Fixers, a national charity headquartered in Winchester that encourages young people to use their past to fix their future, has received a generous donation of £18,000 from the Barker-Mill Foundation (BMF). This will cover the cost of three projects which will highlight: male body dysmorphia, the effects of sexually inappropriate photographs and messages shared in schools, and the importance of mental and physical wellbeing for burns victims.
The projects will be run by the charity’s ‘Fixers’ – young people who have been previously socially disconnected and vulnerable, who are now courageously stepping forward to share their experiences to help themselves and others like them, to support positive change in young people’s lives and in their communities.
Male body dysmorphia is an increasing problem for young men who are feeling under pressure of self-scrutiny and developing an unhealthy obsession of body image.
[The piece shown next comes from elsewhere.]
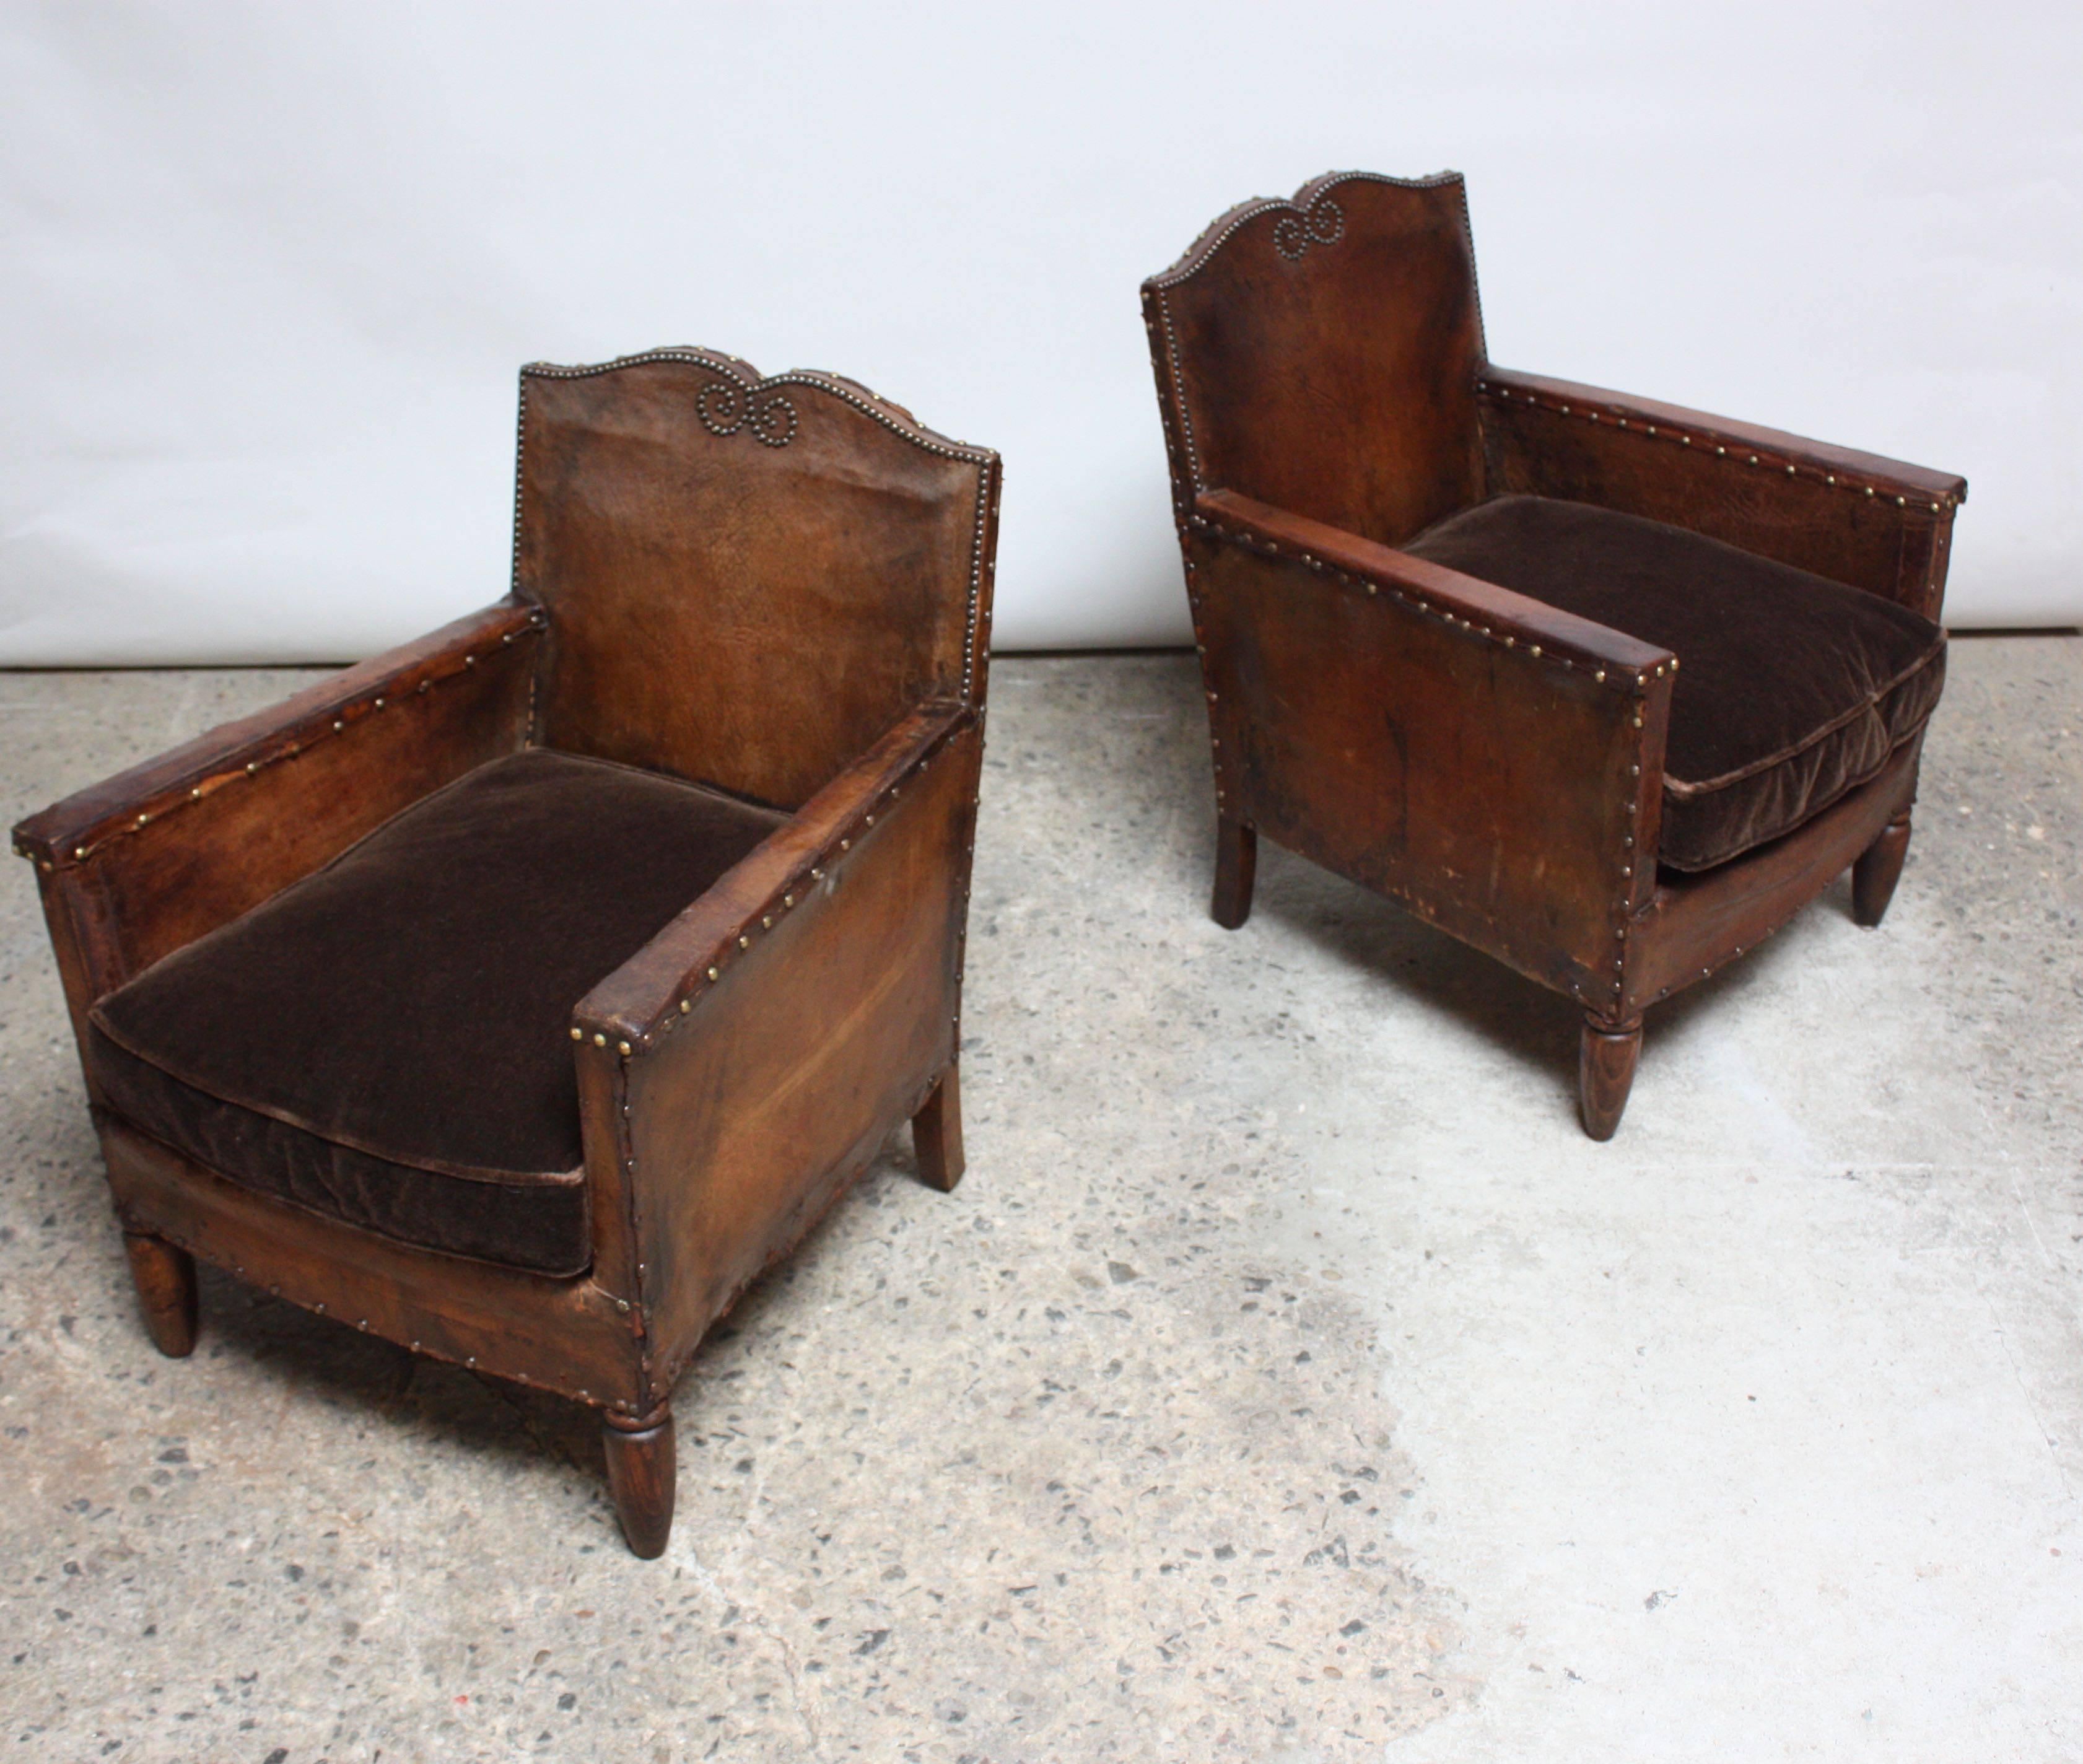 These small club chairs were designed in France between the mid-1920s through the early 1930s and are composed of leather frames and velvet cushions (an upholstery contrast that was typical for the period). However, the cushions were likely updated

It is still not widely spoken about and this project will address the issue and encourage other young people experiencing body dysmorphia to speak out and seek help.
The second covers the sharing of indecent messages and photographs at school, or ‘sexting’, which is high on the agenda for the Hampshire Police Crime Commission. The aim of the project is to highlight how young people are unfairly criminalised by sexting and to warn them of the dangers.
The third project aims to support burns survivors, by encouraging them to be mindful of their mental health and wellbeing, while encouraging them to not let their scars define who they are and to move on with life.
Lucy Tatchell, Head of News and Media for Fixers adds: “With the expertise of our trained Young People’s coordinators, Fixers finds and engages hard-to-reach young people and gives them a platform to get their voices heard. As part of the process of their projects they create a resource to help communicate their message such as a film, booklet, poster, wristband or coffee cup sleeve for example.
“The generous donation from the BMF has enabled our latest ‘Fixers’ to run their projects in their local community. The project will enable them to engage with professionals such as the police and community leaders, to work around the issue they have addressed. In turn, this can lead to them working in collaboration with a view to changing local policy and practice.”
Tim Jobling, BMF Trustee, said: “There are so many issues and social problems that affect young people, some of which are not talked about or highlighted enough. It’s great that Fixers give young people a voice and a platform to talk about their experiences to help themselves and others move forward.
“We’re pleased to be able to support three local, young people’s projects by providing the funds to help their individual vision come to life, and we’re looking forward to seeing the finished projects.”
Lucy added: “The experience of working on a personal Fixer project has a transformative effect on people, who move from a position of isolation and disconnection to one of increased confidence and independence. In providing young people with a platform to voice and spread their message as well as forge important links with others in their communities, they are able to transcend their own negative experiences and use them to benefit others.”